-- Task --
Return the listing exactly, please; no pictures.

-- Data block --
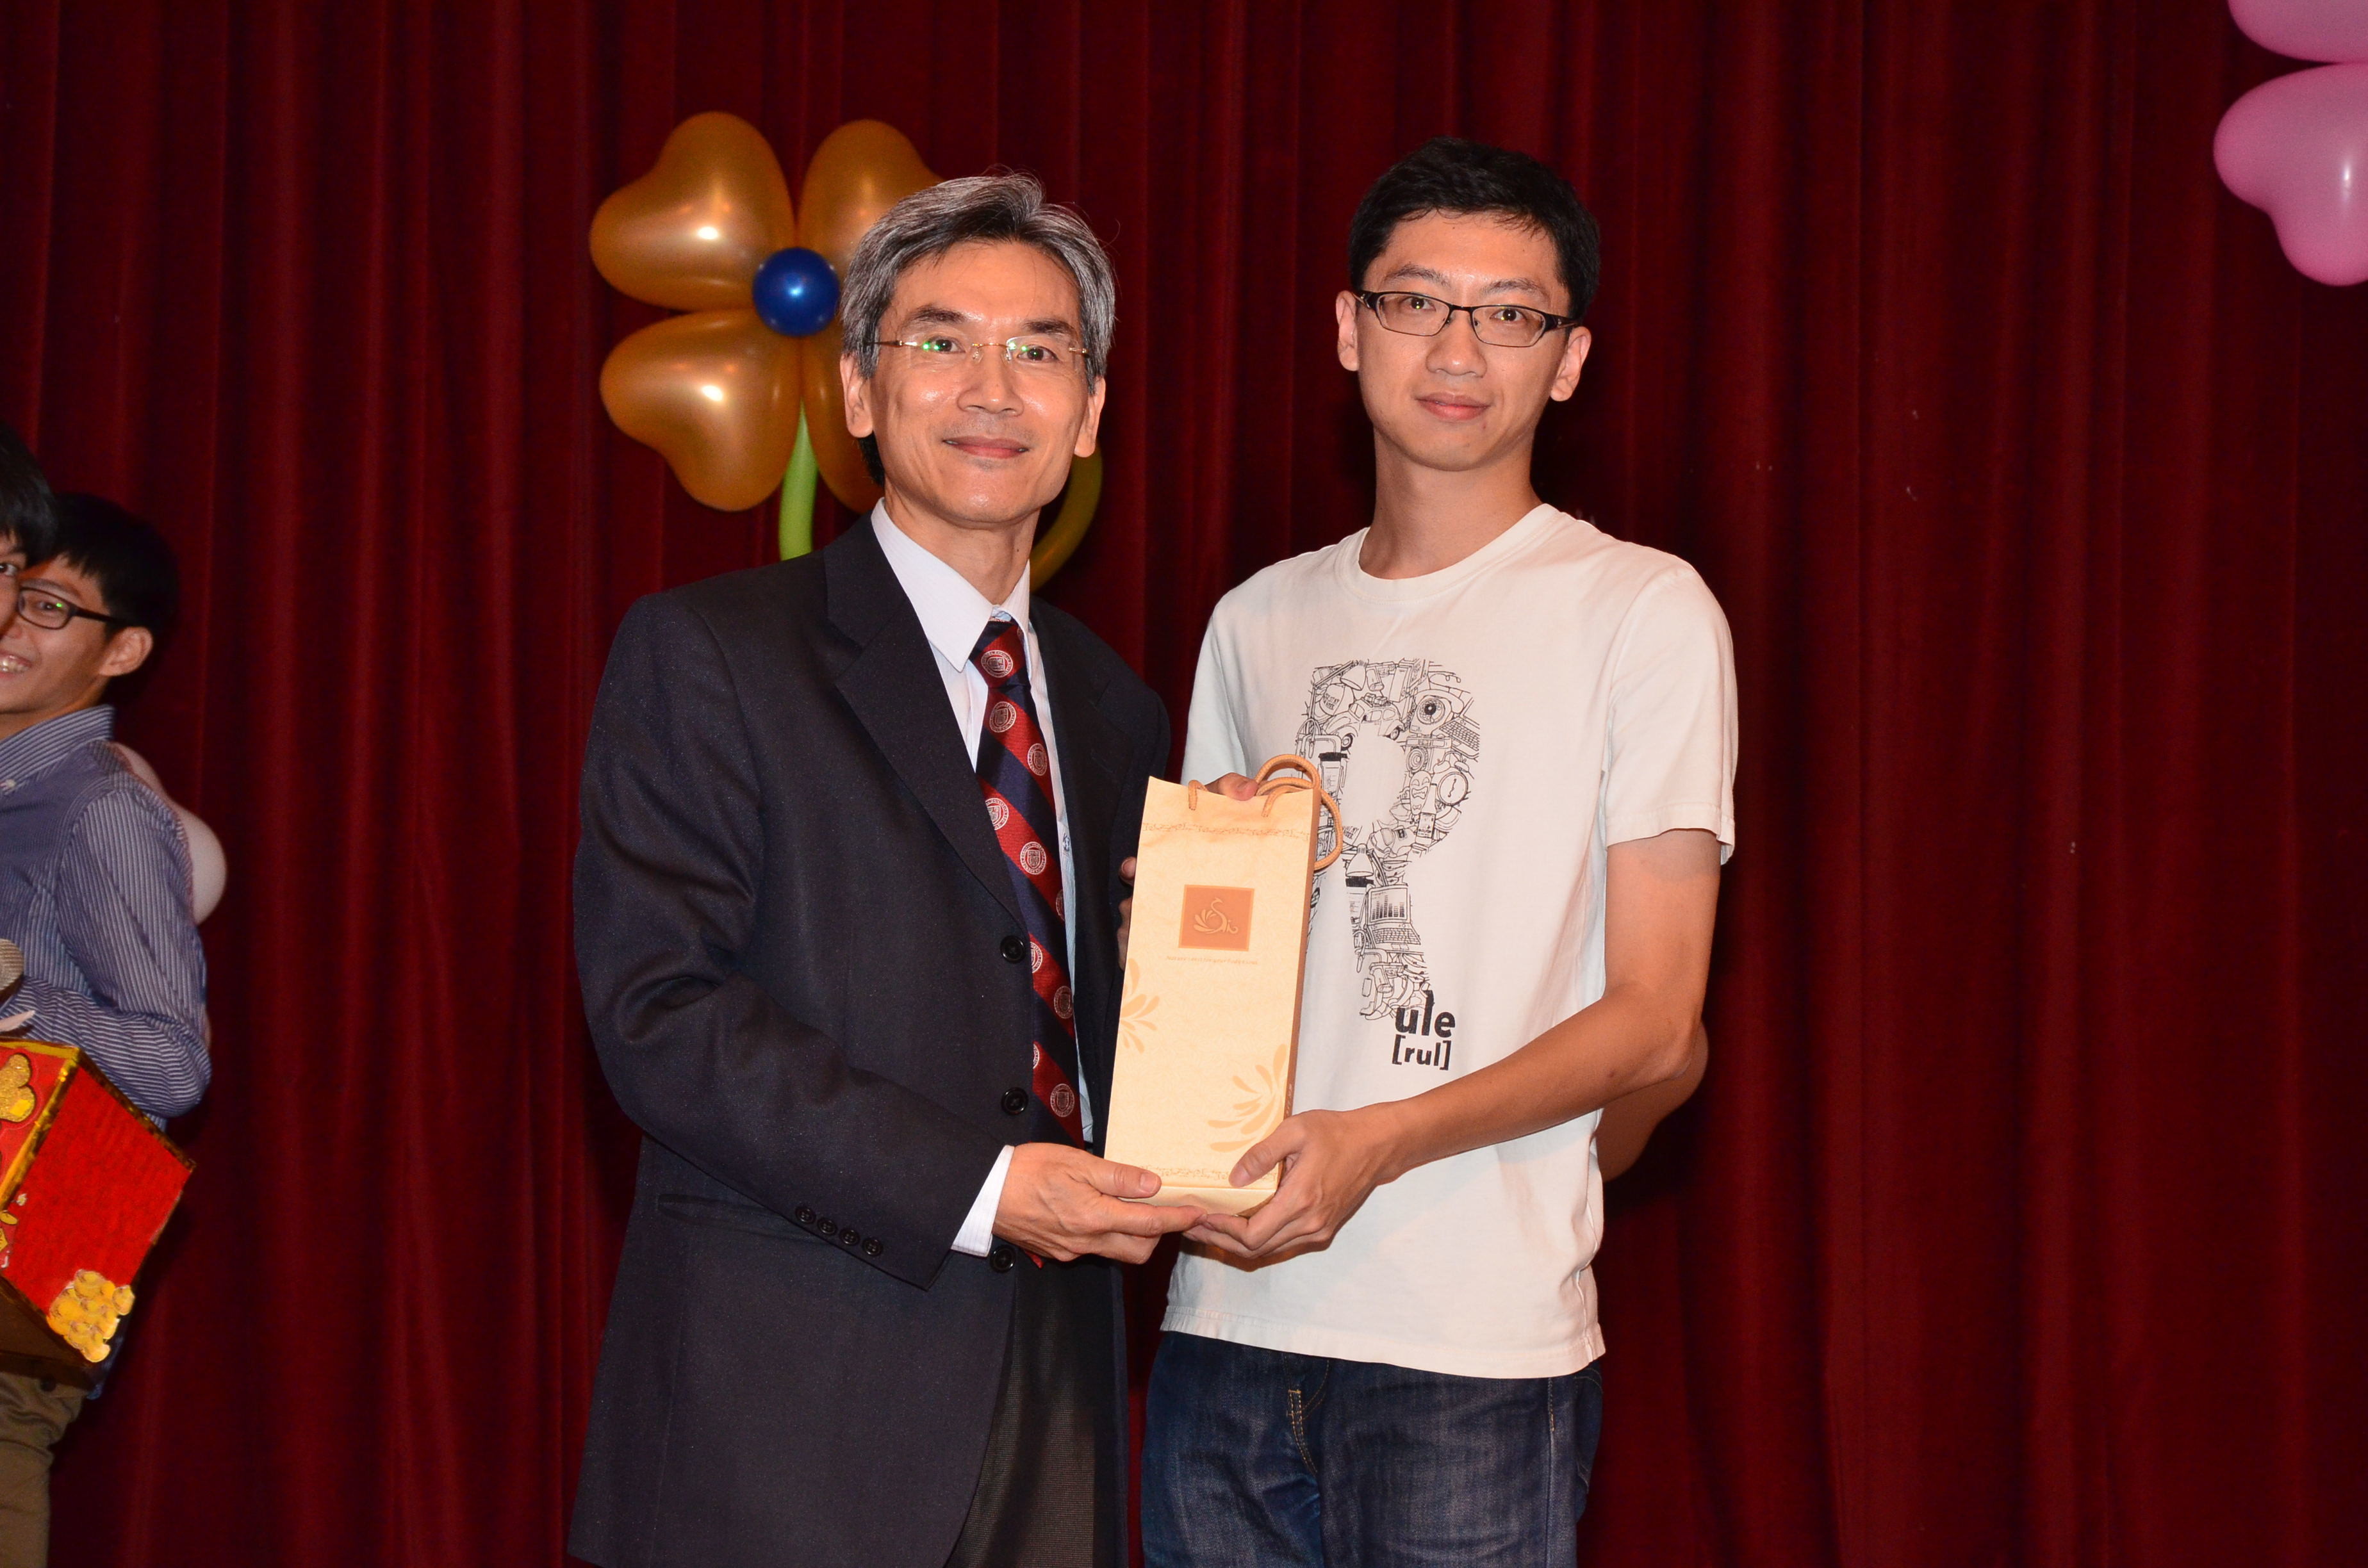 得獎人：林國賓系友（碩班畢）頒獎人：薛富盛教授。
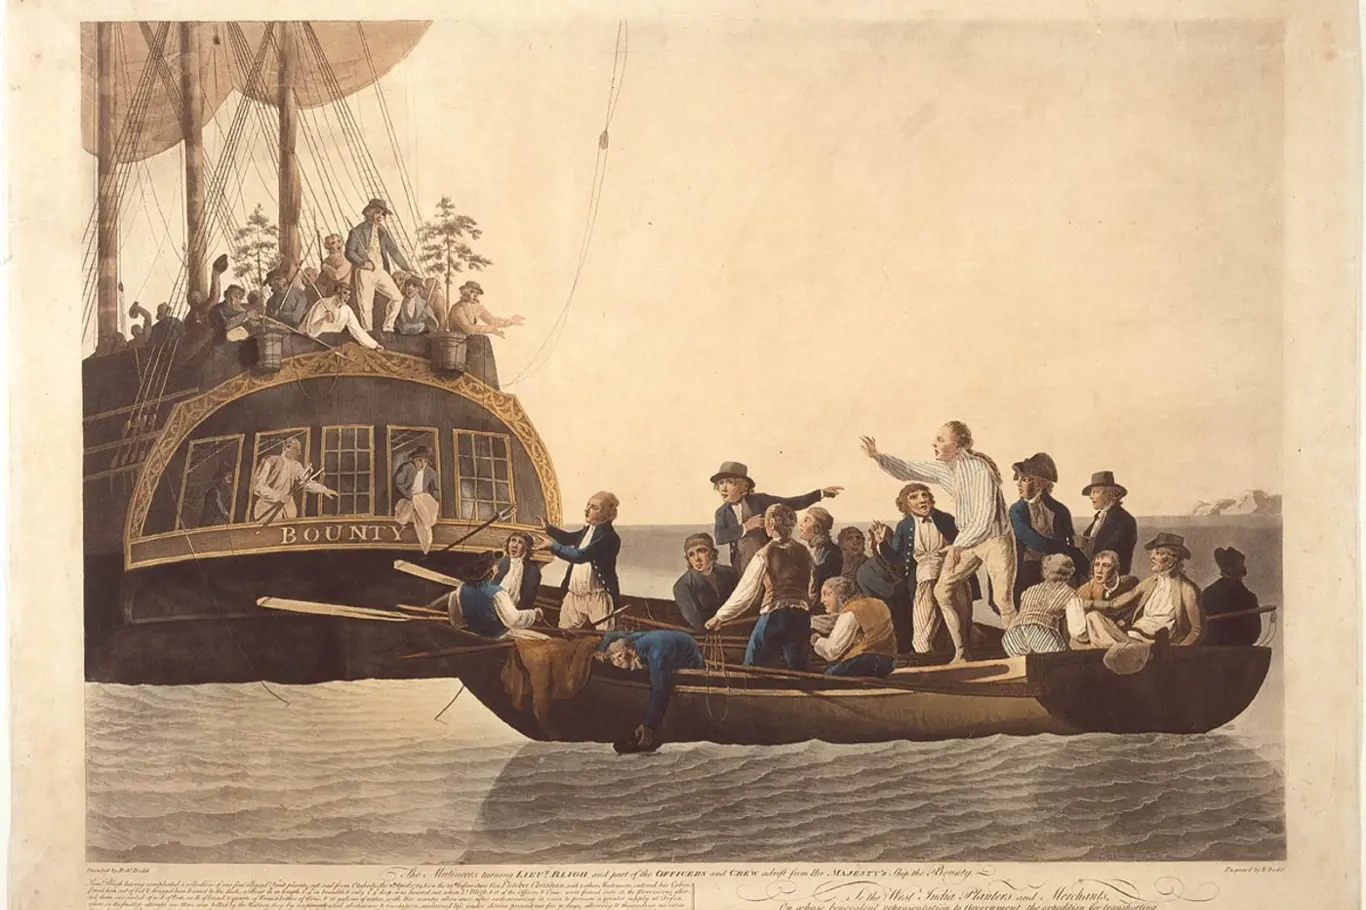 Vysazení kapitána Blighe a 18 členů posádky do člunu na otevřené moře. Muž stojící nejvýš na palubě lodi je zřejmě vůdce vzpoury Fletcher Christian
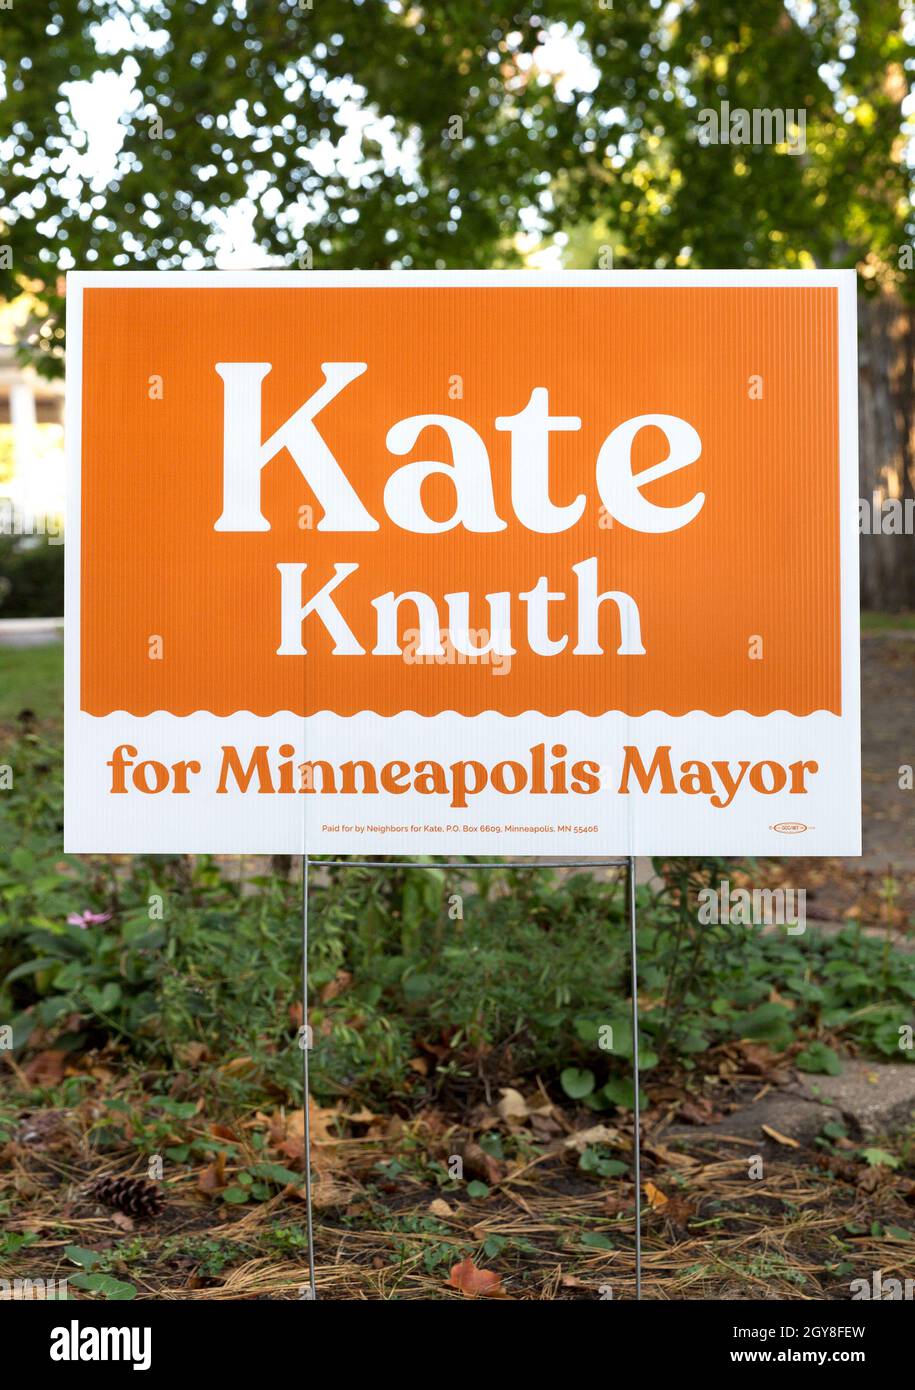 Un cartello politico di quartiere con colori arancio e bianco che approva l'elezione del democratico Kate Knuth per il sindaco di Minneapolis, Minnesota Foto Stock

-- Exercise solution --
 得獎人：林國賓系友（碩班畢）頒獎人：薛富盛教授。
 Vysazení kapitána Blighe a 18 členů posádky do člunu na otevřené moře. Muž stojící nejvýš na palubě lodi je zřejmě vůdce vzpoury Fletcher Christian
 Un cartello politico di quartiere con colori arancio e bianco che approva l'elezione del democratico Kate Knuth per il sindaco di Minneapolis, Minnesota Foto Stock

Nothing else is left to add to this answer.